_Exercise_
As the answer, give every line of the records that includes the word "with".

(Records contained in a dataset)

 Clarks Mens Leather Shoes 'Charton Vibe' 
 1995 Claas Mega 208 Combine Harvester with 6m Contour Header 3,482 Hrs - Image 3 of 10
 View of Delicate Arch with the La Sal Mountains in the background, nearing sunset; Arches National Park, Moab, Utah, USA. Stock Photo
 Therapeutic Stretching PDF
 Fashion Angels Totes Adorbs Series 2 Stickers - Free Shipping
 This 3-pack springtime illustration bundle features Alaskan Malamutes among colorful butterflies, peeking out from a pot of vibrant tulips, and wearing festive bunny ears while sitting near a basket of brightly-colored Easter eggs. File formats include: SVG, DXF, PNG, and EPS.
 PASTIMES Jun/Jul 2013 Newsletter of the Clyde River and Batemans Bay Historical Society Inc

_Result of this exercise_
 1995 Claas Mega 208 Combine Harvester with 6m Contour Header 3,482 Hrs - Image 3 of 10
 View of Delicate Arch with the La Sal Mountains in the background, nearing sunset; Arches National Park, Moab, Utah, USA. Stock Photo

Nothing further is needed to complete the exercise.